The need for the Federal Reserve to turn on the printing press again is very much up for debate and the media fixation obscures the positive impact low interest rates is having on US growth.
That is the view of Eric Takaha, portfolio manager on the Templeton Fixed Income group and co-manager on two of the firm’s leading bond funds.
‘Could QE3 have an impact if it does or doesn’t happen? It’s possible. Frankly, the bigger impetus is really the low short-term rates, and that’s been in place for some period of time,’ said Takaha in a market commentary.
‘The Fed has been pretty clear that’s going to remain in place at least until 2014 - maybe even past 2014. And we think that’s been very supportive for the overall financial markets, particularly the fixed income markets, by keeping that overall weight on the very low side in terms of short-term rates.’
The fund manager added this preference for low rates also holds true in Europe, as well as other developed markets, given their economic issues and very low inflation.
‘We don’t see a lot of impetus for raising short-term rates in those areas, either. So, we feel, even without QE3, the financial markets can continue to move forward. It would probably be a slight positive if it occurred, but we don’t know necessarily if it’s a high likelihood at this stage.’
Takaha co-manages the $519 million Franklin Strategic Income fund alongside Citywire AA-rated duo Chris Molumphy and Kent Burns. He also co-runs the Templeton Global High Yield fund alongside Michael Hasenstab.
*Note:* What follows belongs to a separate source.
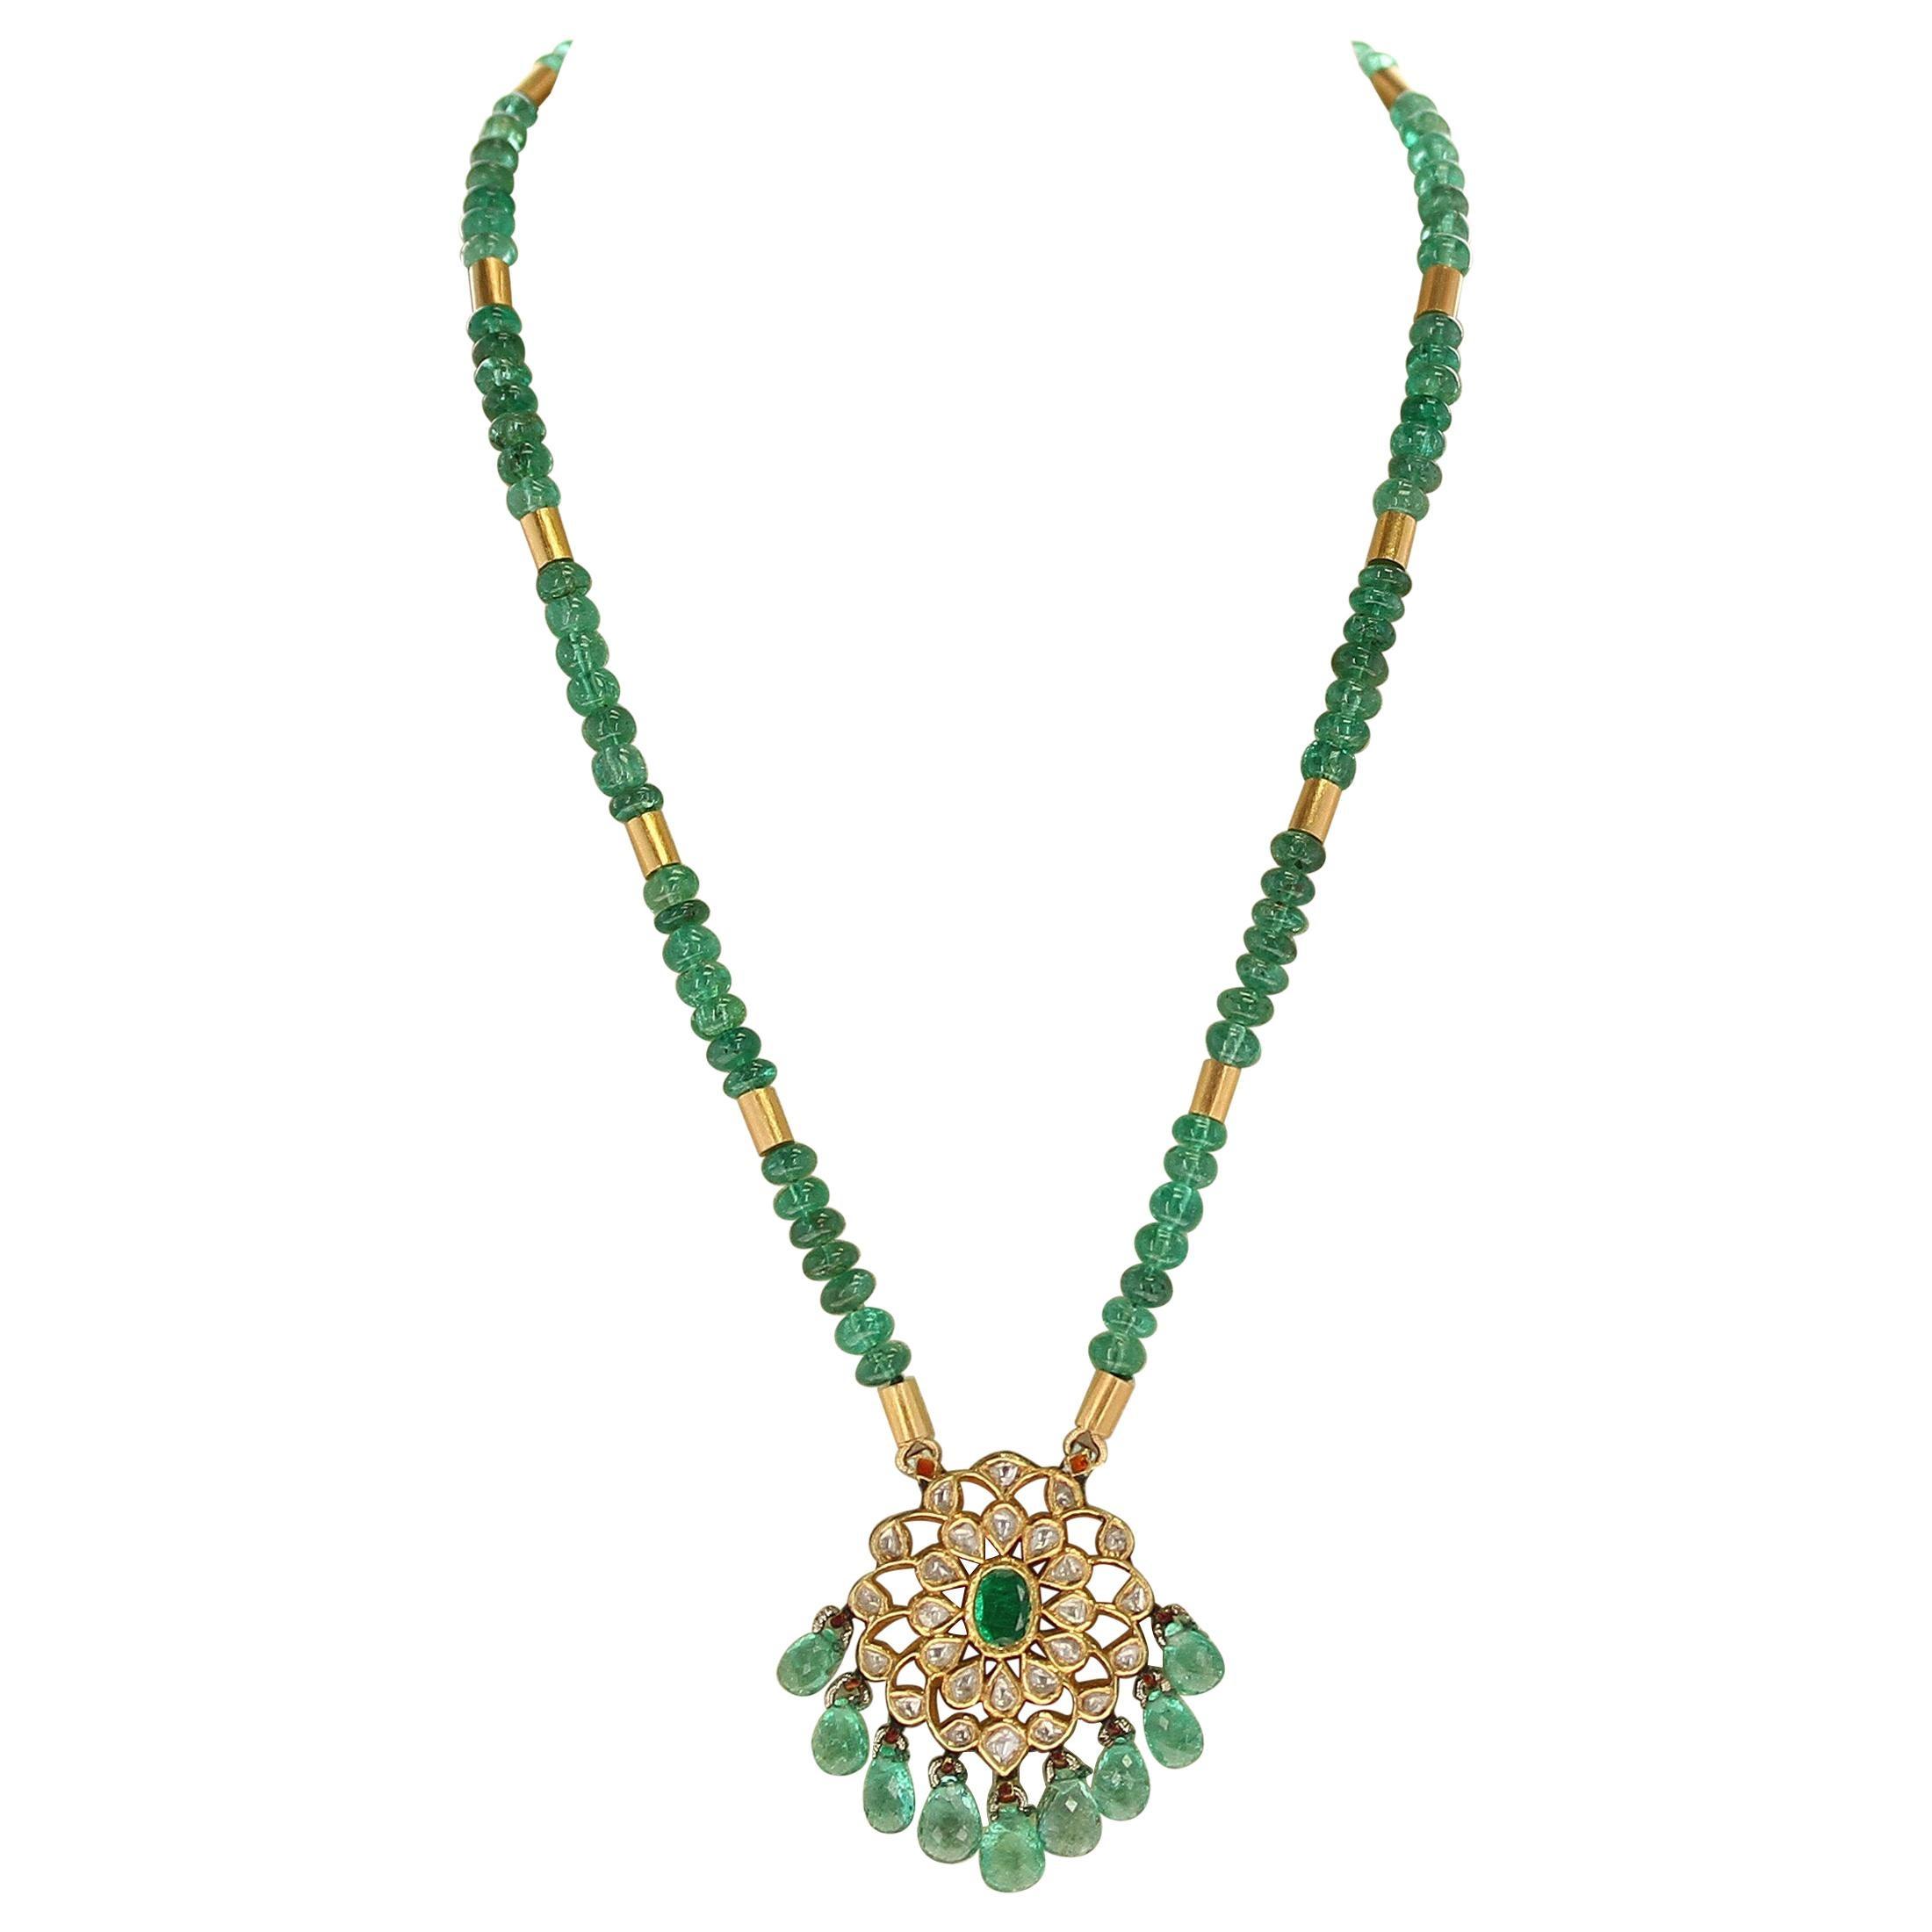 Genuine & Natural Plain Emerald Beads Necklace and Indian Kundan Enamel Pendant

While Takaha believes short-term interest rates are currently a good thing, he questioned the actual, real impact of QE on the US economy.
‘Everyone talks about QE1 and QE2 and what QE3 may or may not do. Well frankly, it’s hard to decipher what the real impact from the first two quantitative easing measures was on the overall economy and on the financial markets.’
‘They certainly were positive, but in terms of the actual impact, it’s little bit harder to really parcel that out,’ he said.
The Franklin Strategic Income fund is largely focused on the US market, with 58% of the fund allocated here. It has returned 42.11% over the past three years while its benchmark, the Citigroup WGBI TR USD, has risen 19.54% in the same period.